> Exercise brief
From the first line to the last, set down the material exactly, leaving out its pictures.

> Raw data
------------------------------------------------

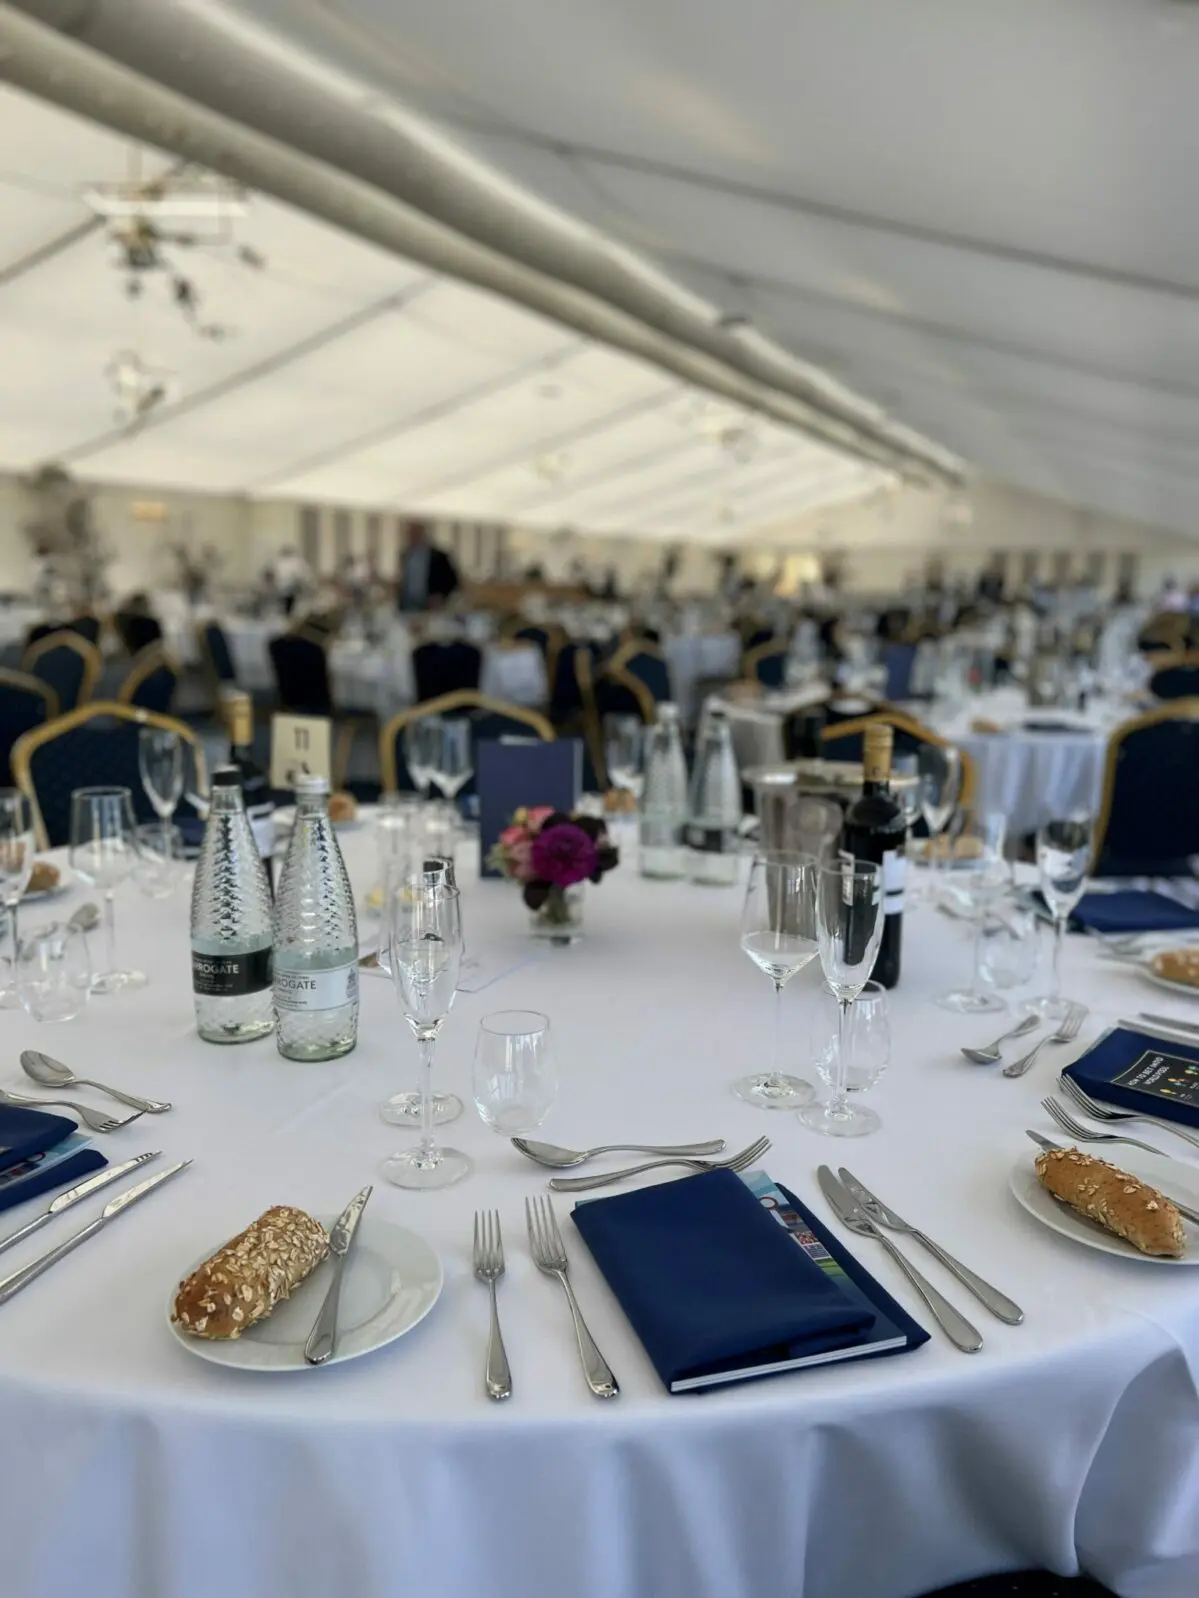 The Furlong restaurant, tables laid for service awaiting guests' arrival
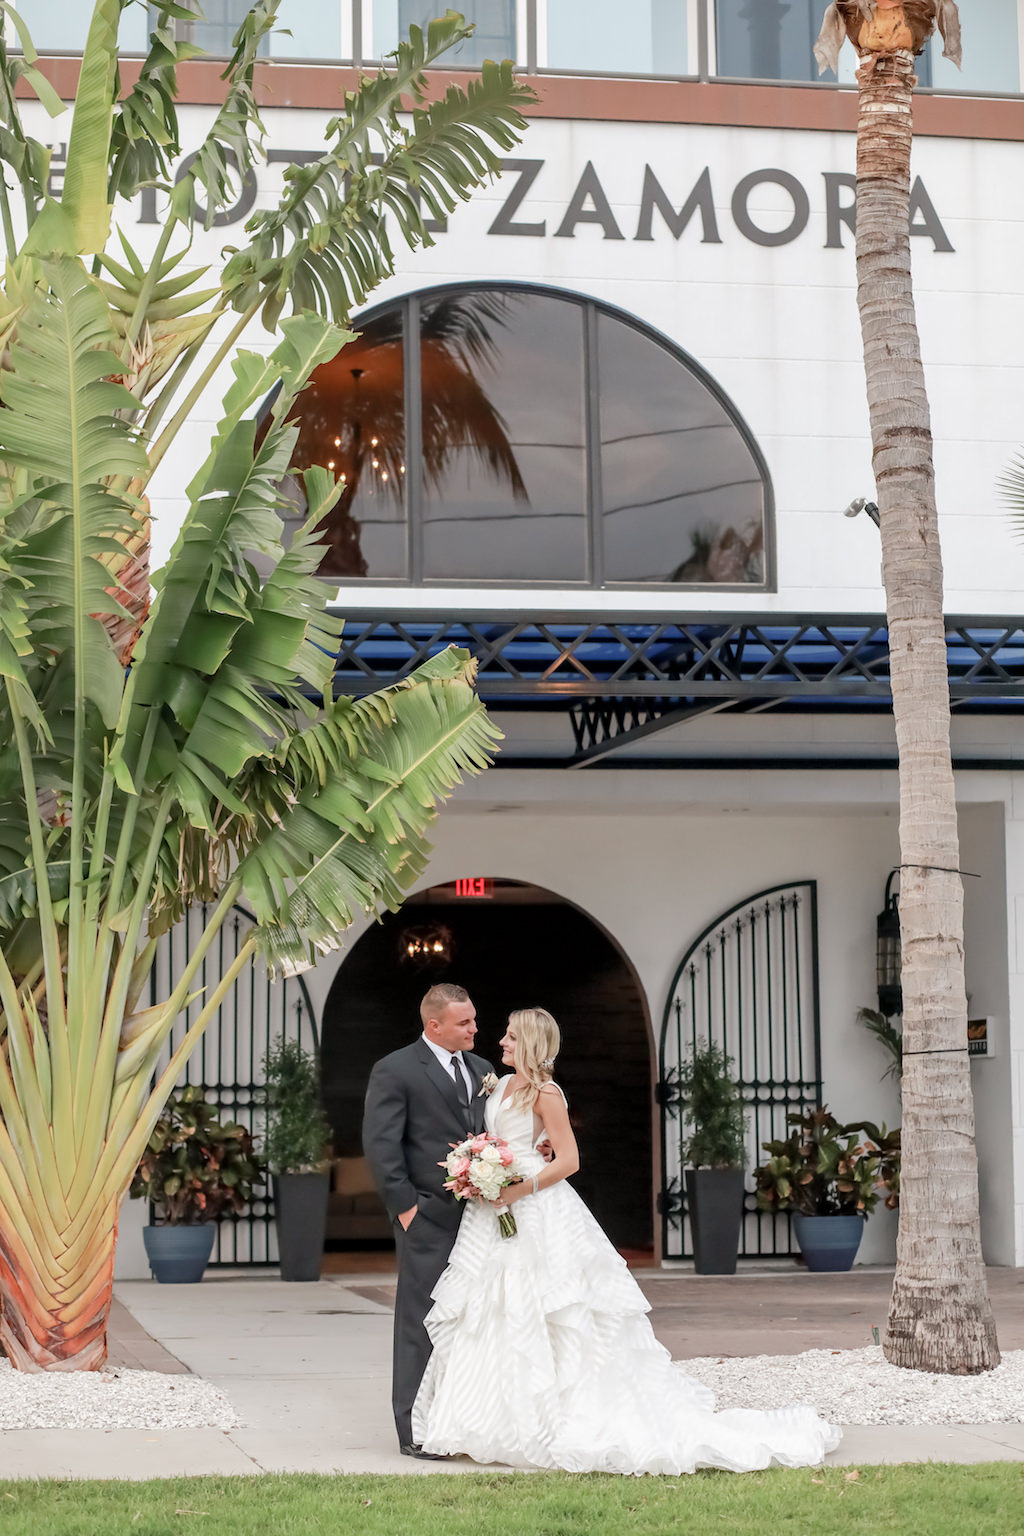 Florida Bride and Groom Wedding Portrait Out Front of St. Pete Beach Wedding Venue Hotel Zamora | Tampa Bay Wedding Photographer Lifelong Photography Studios | Wedding Dress Shop Truly Forever Bridal
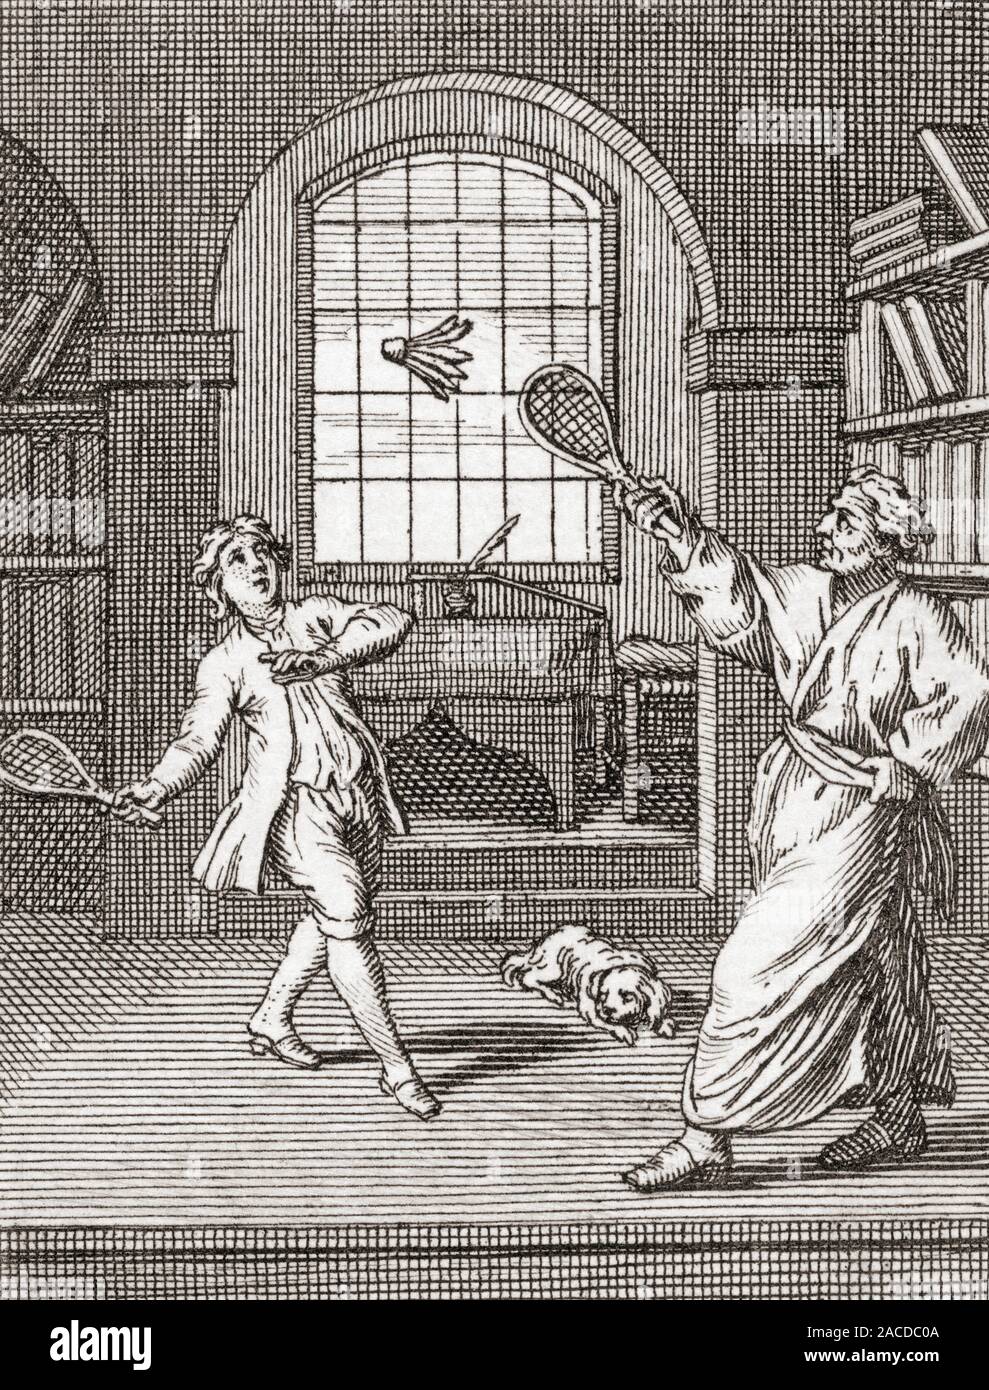 Teacher and student playing badminton.  After an 18th century work. Stock Photo
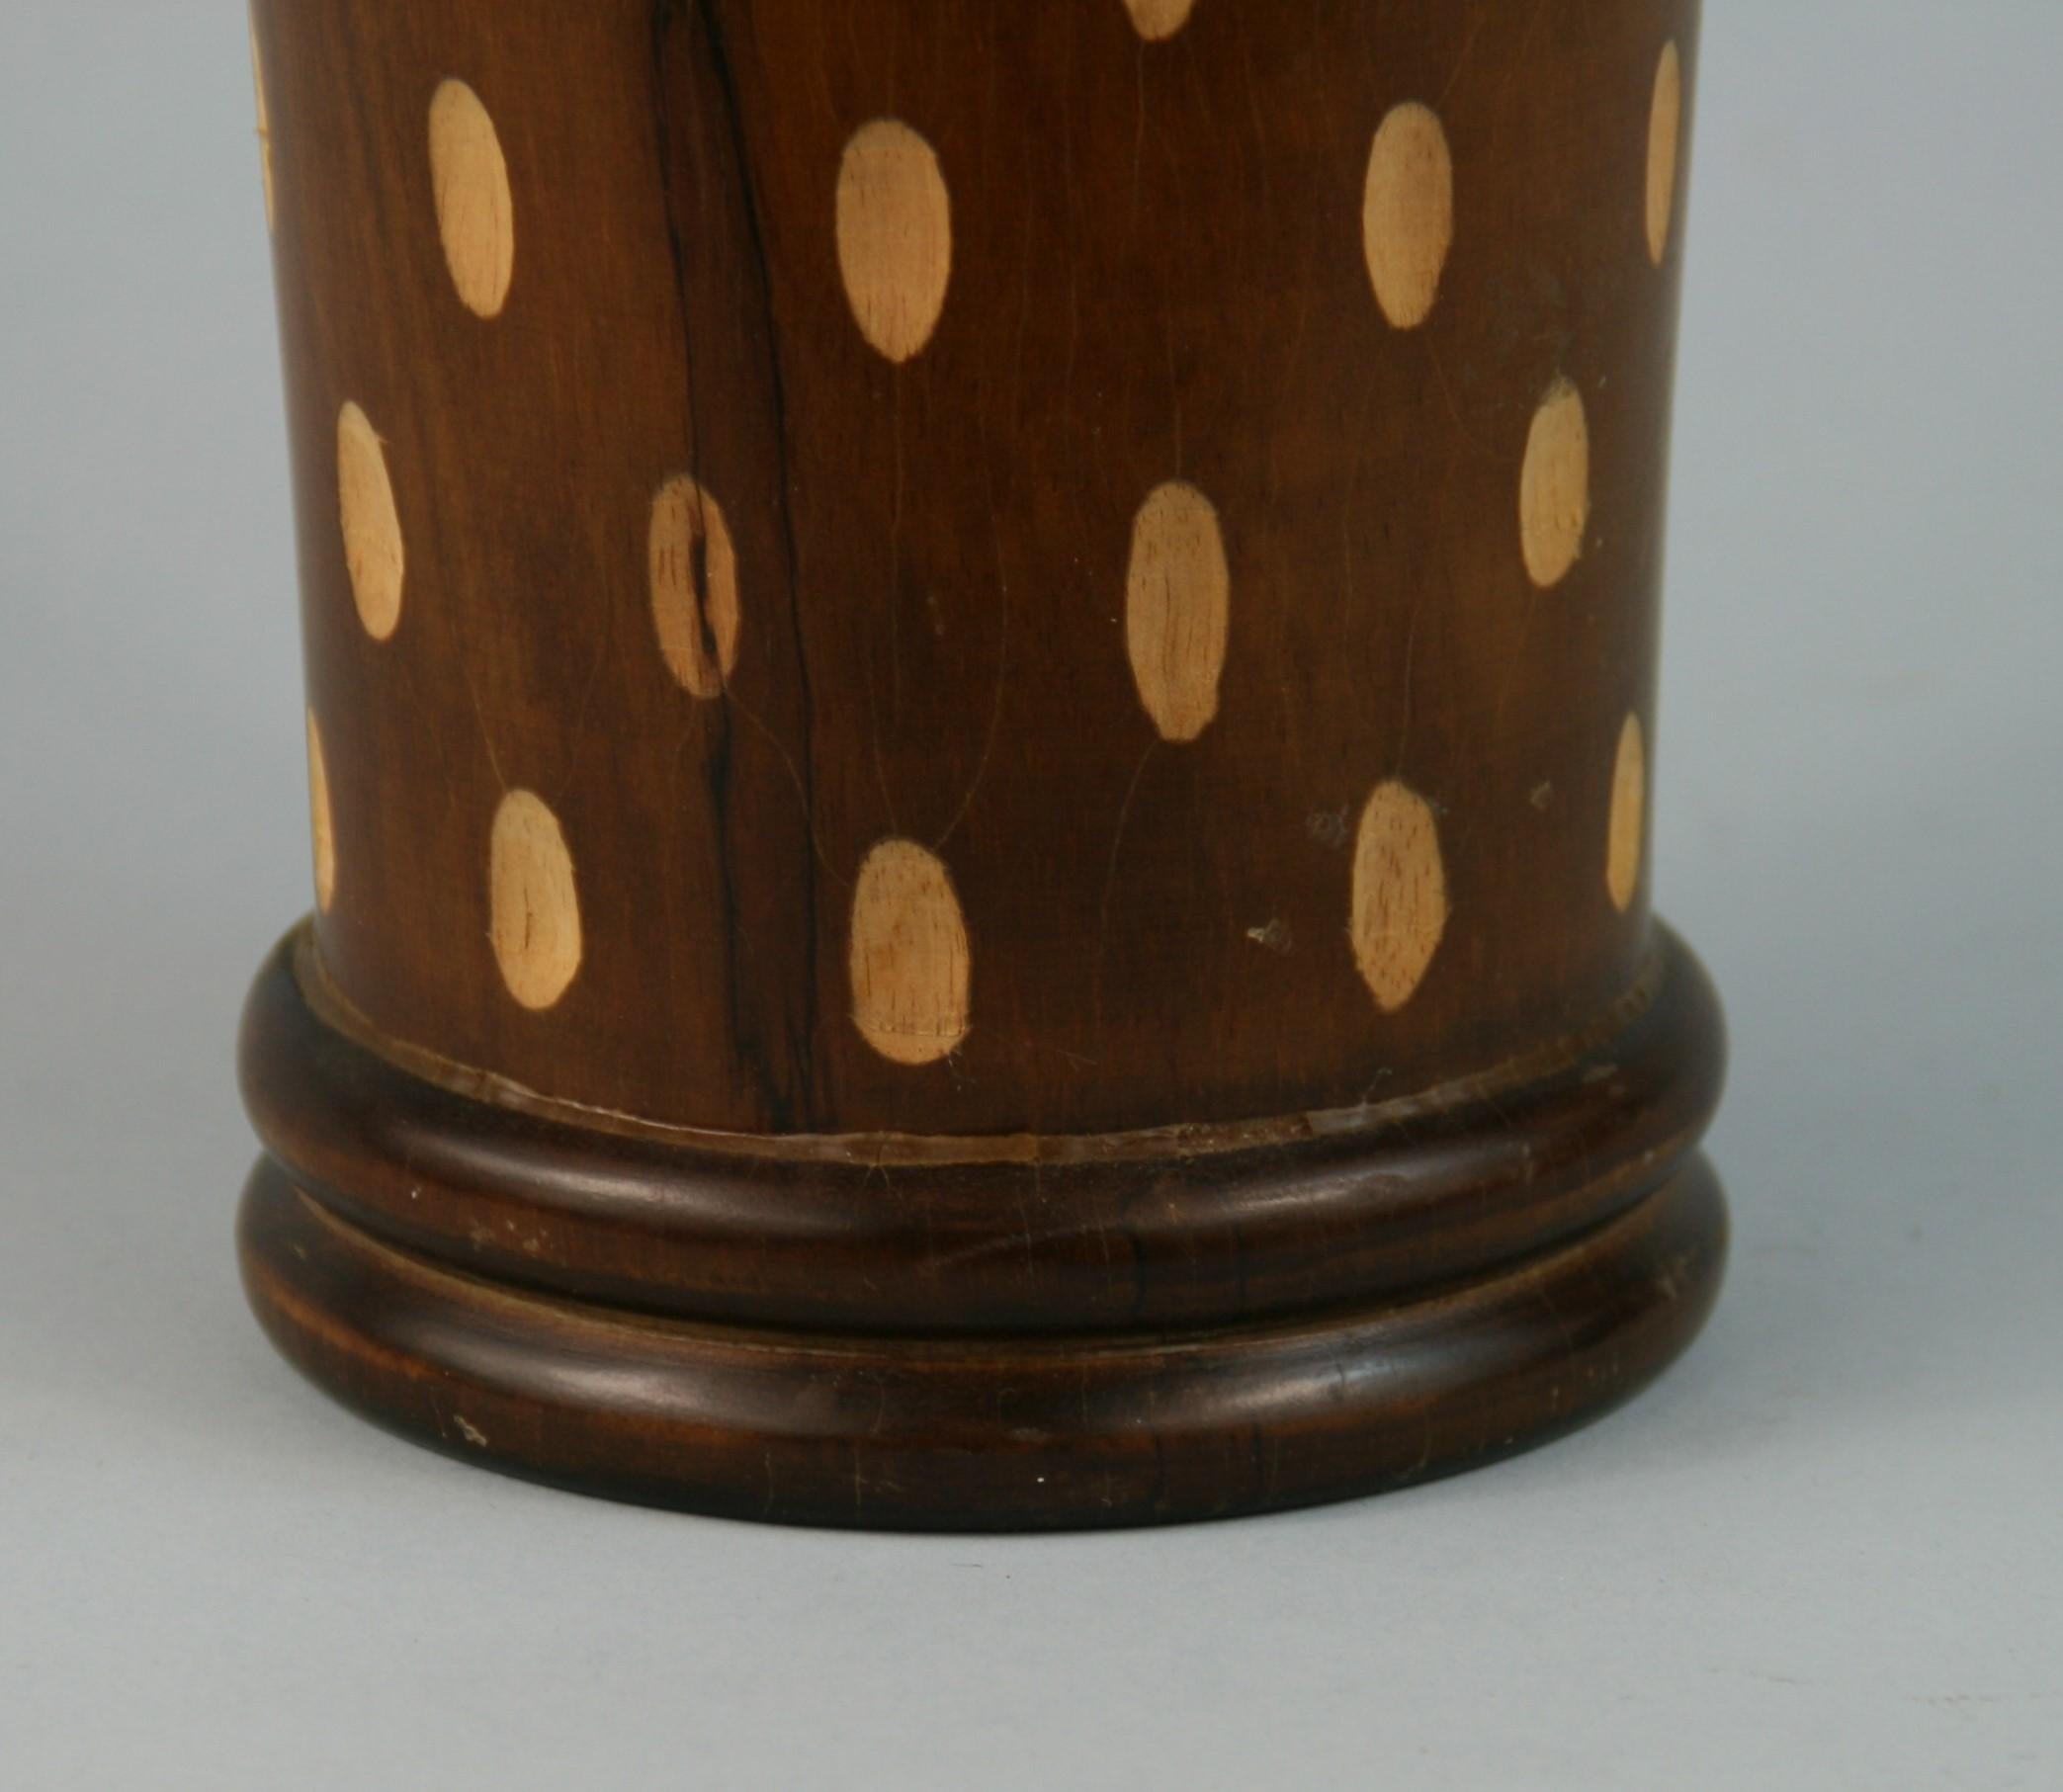 Japanese Art Deco Style Wood Hand Turned Vase with Incised Oval Cutouts In Good Condition For Sale In Douglas Manor, NY

------------------------------------------------

> Answer to this task
 The Furlong restaurant, tables laid for service awaiting guests' arrival
 Florida Bride and Groom Wedding Portrait Out Front of St. Pete Beach Wedding Venue Hotel Zamora | Tampa Bay Wedding Photographer Lifelong Photography Studios | Wedding Dress Shop Truly Forever Bridal
 Teacher and student playing badminton.  After an 18th century work. Stock Photo
 Japanese Art Deco Style Wood Hand Turned Vase with Incised Oval Cutouts In Good Condition For Sale In Douglas Manor, NY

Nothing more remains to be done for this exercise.